Love By Shakespeare

(This review appeared in The East African 10th-16th March 2014 under the title ‘Hate’ in the Footsteps of ‘Love By Shakespeare’)
William ShakespeareFor many people, if truth be told, Shakespeare has been the bane of many a gloomy English lesson. Not least because Elizabethan English, to the modern scholar, may sound tedious and complicated and speaking in verse may be bewildering.

In addition, for the modern audience that’s used to two-hour-maximum action-packed movies, sitting through three hours of Othello, for example, exceedingly outstretches the average attention span.

For a theatre director it gets even more complicated. Staging a Shakespeare play involves high costs for the large cast and detailed costume. In Kenya, there is hardly a theatre that can allow for elaborate sets and scene changes (e.g. a rotating stage) for, say, A Midsummer Night’s Dream.

However, Canadian actor and director Robin Denault circumvents these obstacles in a production titled Love by Shakespeare that was put on at Phoenix Theatre early last year (2013).

The play begins when Robin Goodfellow (Jack Gitonga)- one of the characters from A Midsummer, also known as Puck, ‘escapes’ from Shakespeare’s fictional world. Since he is no longer confined to the script, a lot is permissible hereafter. Three other fairies from the play (Mkamzee Chao Mwatela, Samson Psenjen and Charles Ouda) follow him- to his dismay. He is further disgruntled to find that they are still on a stage before an audience.

He briefly narrates the central action of A Midsummer and goes on to lament how obsessed “we mortals” are with love, drawing examples from Romeo and Juliet and Othello and briefly veering into Hamlet, before stopping himself.

othello-and-desdemona-puppets
The puppets used for Othello and Desdemona Photo by Robin Denault

On the surface of it, it seems quite simple and straight forward: Denault picks out only the most interesting and famous monologues from two of Shakespeare’s tragedies, using a well-loved comedy as the main frame, with his commentary on Shakespeare between scenes. But in effect, it involves innovative mise-en-scene, using original songs, puppets and masks and- a very rare thing- the savouring of Shakespeare’s text.

Gitonga presents a delightful, easy-going Puck. “He was good, I must admit that,” says Puck, about Shakespeare. “If you write as many plays as he did he did you’re bound to get it right once in a while.”

The stage is bare, save for the box that Puck walks in with at the beginning of the play. It is at once a storage box out of which comes out The Complete Works of William Shakespeare and various items of clothing for the various scenes and it is also the ‘balcony’ on which Juliet stands during the famous balcony scene.

Ouda plays Romeo and Mwatela Juliet in an abridged version of the balcony scene with such natural poise and flow of words that I actually discovered innuendo in the text that had previously been lost on me.
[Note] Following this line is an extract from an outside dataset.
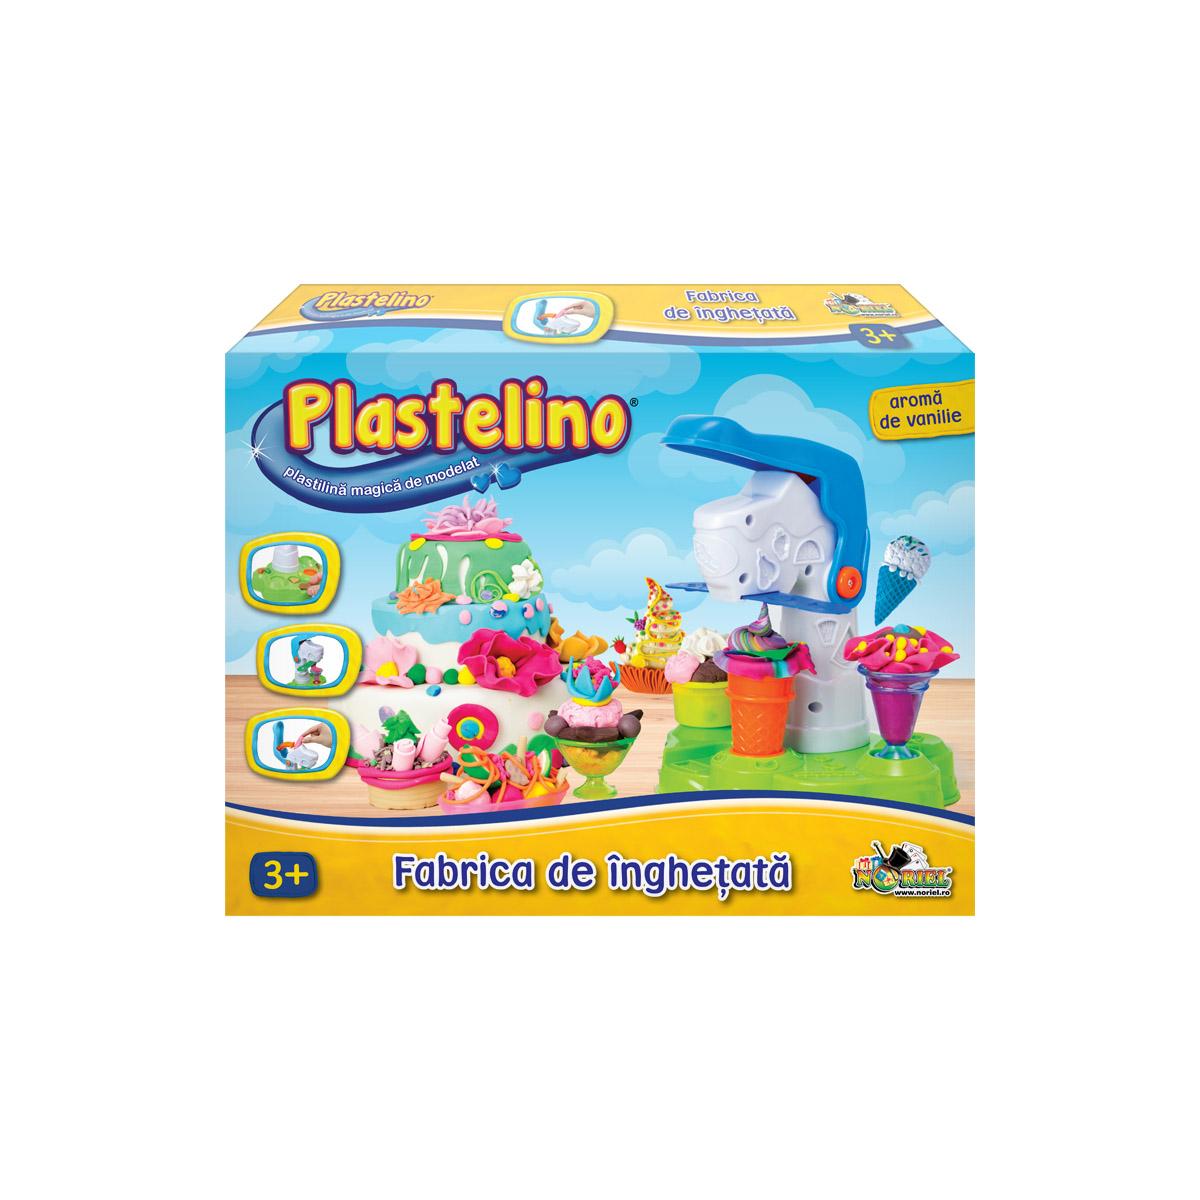 Plastelino - Fabrica de Inghetata 2

Such as when Romeo says, “O, wilt thou leave me so unsatisfied?” to which Juliet replies, “What satisfaction canst thou have tonight?”

Psenjen then sings The Messenger Was Late to explain why Romeo kills himself and at the end of the scene, they fall back into their characters as fairies and laugh in mockery of such obsession with love.

The next scene introduces Othello and Desdemona, both of whom are human-hand puppets controlled by Psenjen and Mwatela respectively. However, Gitonga wears a mask to play the conniving Iago. The stage is dark, save for little lights above the puppets (very much like Japanese Bunraku puppets) and Gitonga holding a torch to illuminate his face.

Constantly bombarded by special effects in film, this scene is a reminder that theatre too has its special visual effects. And with minimal use of the actor’s body, this scene accentuates the text- the flow and the rhythm of Shakespeare’s words, especially enhanced by Psenjen’s trade-mark diction. If only English lessons on Shakespeare were more like this!

The sombreness of the scene is lightened a little with the song To Die For Love sang by Desdemona in which she says “now I know this fact at least, it is much better to be alive, than be in love and quite deceased…”

Psenjen and Mwatela as Demetrius and Helena Photo by Charles Kamau
Psenjen and Mwatela as Demetrius and Helena Photo by Charles Kamau

Then finally, the story of A Midsummer, which was started at the beginning, is completed. Gitonga retains his role as Pluck, Ouda plays Lysander, Psenjen plays Demetrius and Mwatela plays Helena. Hermia is represented by a mannequin’s head with a wig on it. Gitonga says Hermia’s lines in a high-pitched voice while holding the mannequin’s head. ‘She’ moves across the stage by being tossed from one actor to another in a most comical manner, the height of the humour being in her line: “Puppet! Why so? Because I am so dwarfish and so low?”

The play ends with Robin Goodfellow’s final monologue that ends: “So, goodnight to you all. Give me your hands, if we be friends. And Robin shall make amends.” -The double entendre (Denault’s first name) not being lost.

The sequel, Hate by Shakespeare, which uses Richard III as the frame story, is scheduled to show in Nairobi in the next couple of weeks.